Nein. Fahrdynamisch merkst du keinen Unterschied. Das SL ist zudem schwerer, bzw. mindestens gleich schwer wegen der Lackierung.
Kauf das, welches dir optisch besser gefällt.



> Vor allem in Bezug auf die Bremse, LFR und die Gabel.


-Bremse ist bei beiden Schrott. Ich hab die direkt vom Neurad abgebaut, verkauft und durch eine Shimano XT ersetzt. Der Unterschied sind ansonsten nur ein paar Gramm, macht keinen wirklichen Unterschied.

-Laufradsatz ist bei beiden nichts besonderes. Kommt aber ein wenig darauf an was beim DT für eine Nabe verbaut ist. Rechtfertigt aber auch nicht den Aufpreis, denn wenn du den Sunringle neu verkaufst und nen schönen LRS für um die 500Euro kaufst ist das viel besser als der OEM DT LRS.

-Gabel...die Talas spricht in keine Konfiguration schön an. Da kaum jemand die Wartung jährlich für 130 Flocken macht kannst sie eh in 4 Jahren wegwerfen und ne RockShox kaufen 
Der einzige signifikante Unterschied ist die Steckachse...kommt halt drauf an wie und was du fährst und ob du die überhaupt spürst.



> Die XT Schalthebel sind im Vergleich zu den SLX einen Tick knackiger, denn man hat Instant Release. Ich würde auf das SL setzen!
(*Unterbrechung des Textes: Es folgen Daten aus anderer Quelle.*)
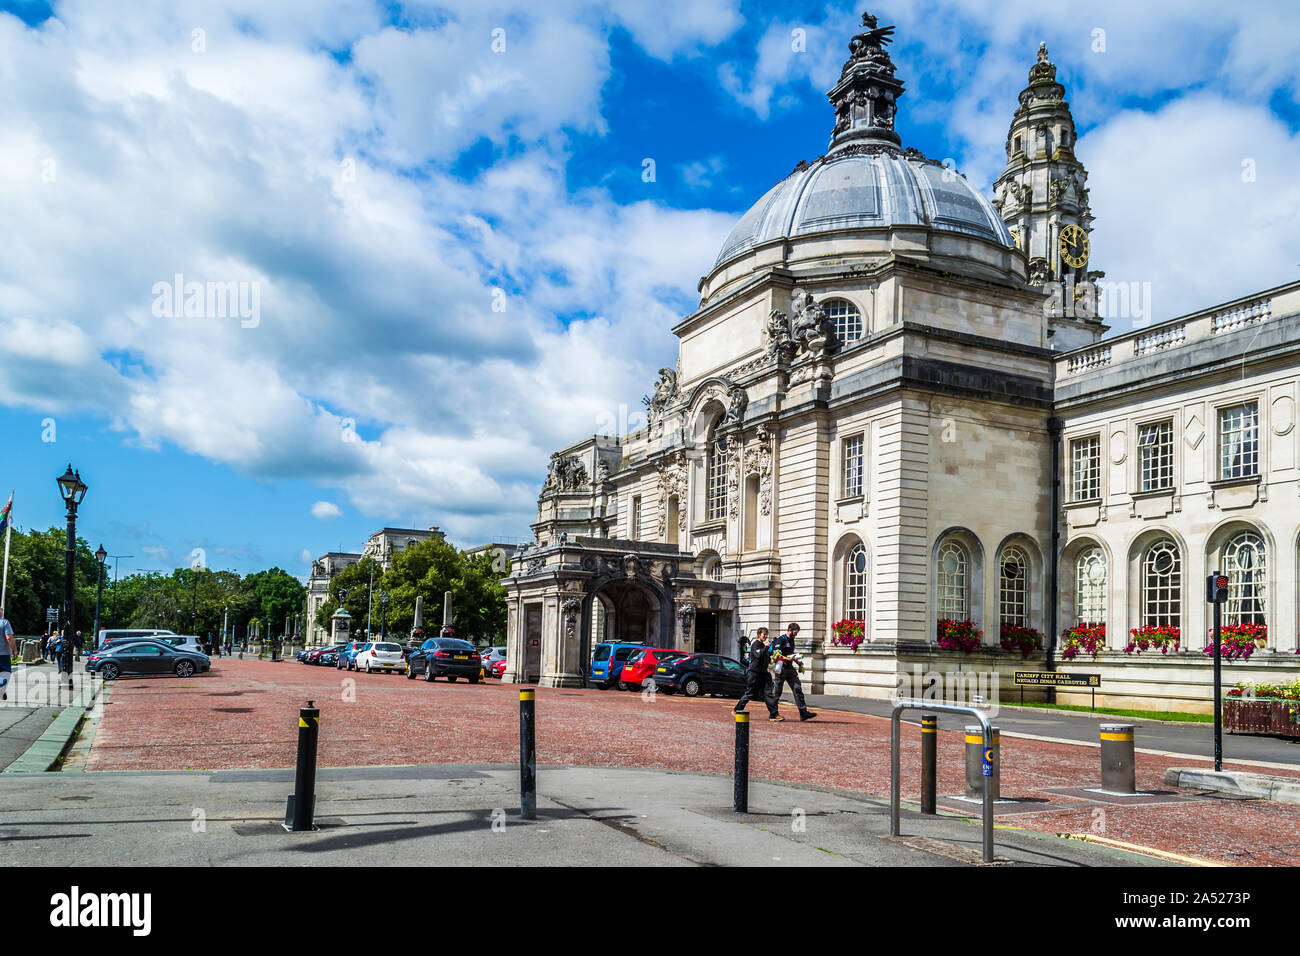 Rues et l'architecture de la ville de Cardiff, Pays de Galles. Banque D'Images

Naja....dafür ist der SLX Schalhebel zusammen mit der Formula Bremse ergonomischer. Den kann man außen von der Bremse montieren und hat so den perfekten Abstand zur Hand. Wenn du das mit dem XT machst hängt der Daumen ständig am Hebel.


----------



## Uni560 (25. Juni 2012)

Warum sollte man die XT Schalthebel nicht ebenfalls andersherum montieren können?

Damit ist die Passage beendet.